Только сейчас объявилась Матрёна Короткова – хозяйка коровы. Она только что узнала о беде, постигшей её скотину, прибежала, запыхавшись, вцепилась пальцами рук в свои огненно-рыжие взлохмаченные волосы, стала причитать громким голосом, как бы ища сочувствия или оправдания за причинённые хлопоты людям от её нерадивости. Говорила она, будто пропуская слова через носоглотку, поэтому речь её казалась монолитной и непонятной окружающим её людям.

– Люди добрые, спасибо вам за то, что не дали моим сироткам умереть с голоду, спасли нашу кормилицу. Чтоб мы делали, если бы это горе случилось? Хоть в болото лезь живьём вслед за бурёнкой. Господи, благодарю тебя за заботу о нас, – она торопливо крестилась, бормоча благодарственную молитву, роняя горючие слёзы. Удручённая случившимся, женщина чувствовала себя как бы виноватой перед людьми и старалась молитвами задобрить всех и вымолить тем прощение.

– Мотя, не убивайся ты так, лучше корову помой да пиявок оборви, а то они оставят тебе от коровы одни кости, завёрнутые в кожу.

– А и правду ты говоришь, кум Сазон, а мне и в голову мою чумную энтая мысля не взбрела, – часто моргая рыжими ресницами, прогундозила Мотя

Если бы Бог считал людей своими детьми, вряд ли он был так жесткосерден. Напротив, проявлял бы к людям больше милосердия и не применял непонятные карательные меры, особенно к невинным людям. Ведь все люди – это его поделки. Неужели он забыл. Трудно представить, чтобы какая-либо живая душа, созданная Творцом, так неподобающе относилась к своим чадам.

Кинематограф туда ещё не проник, и такие вот экзотические представления заменяли его крестьянам. Это было настолько зрелищное действо, заставившее жителей по прошествии времени часто вспоминать об этом.

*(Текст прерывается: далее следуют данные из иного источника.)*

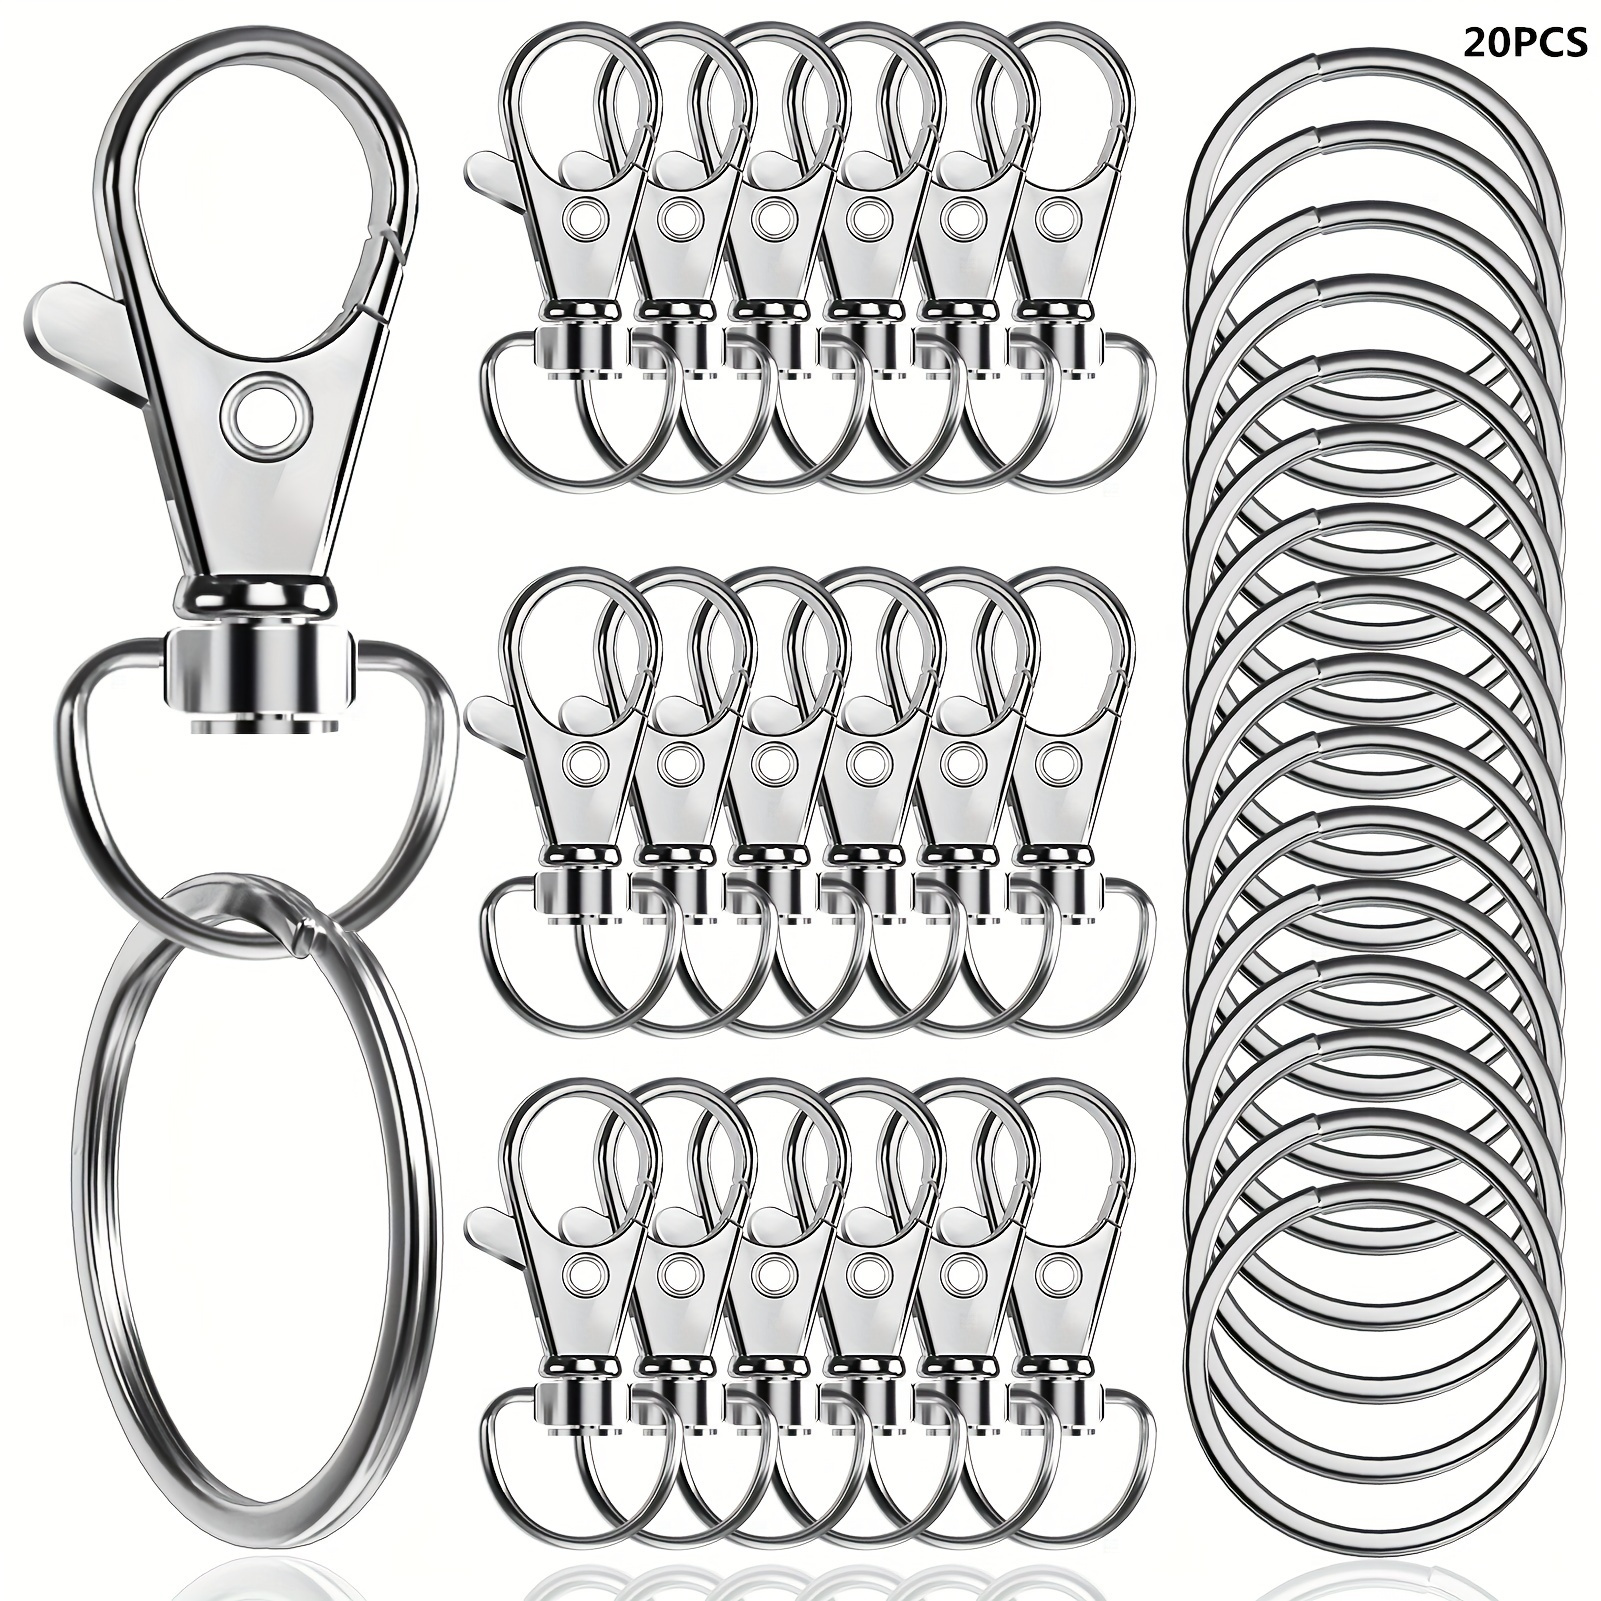 1.57inch M4 Small Stainless Steel Spring Snap Hook Carabiner Clips Kits  20/40pcs

Описав за целый день свой полуоборот по небу, солнце медленно приближалось к горизонту. А вокруг и за болотом, и за полями, куда ни кинь свой взор, наступают на тебя дремучие леса; они не имеют, кажется, ни конца и ни края. И никаких тебе границ там, в этом сказочном мире, и запретов, а воздух живой, как сама жизнь, вдохнёшь его во всю грудь – и о смерти забудешь. Человек по-настоящему в душе чувствует себя царём природы, не обременённым никаким внутренним или внешним влиянием.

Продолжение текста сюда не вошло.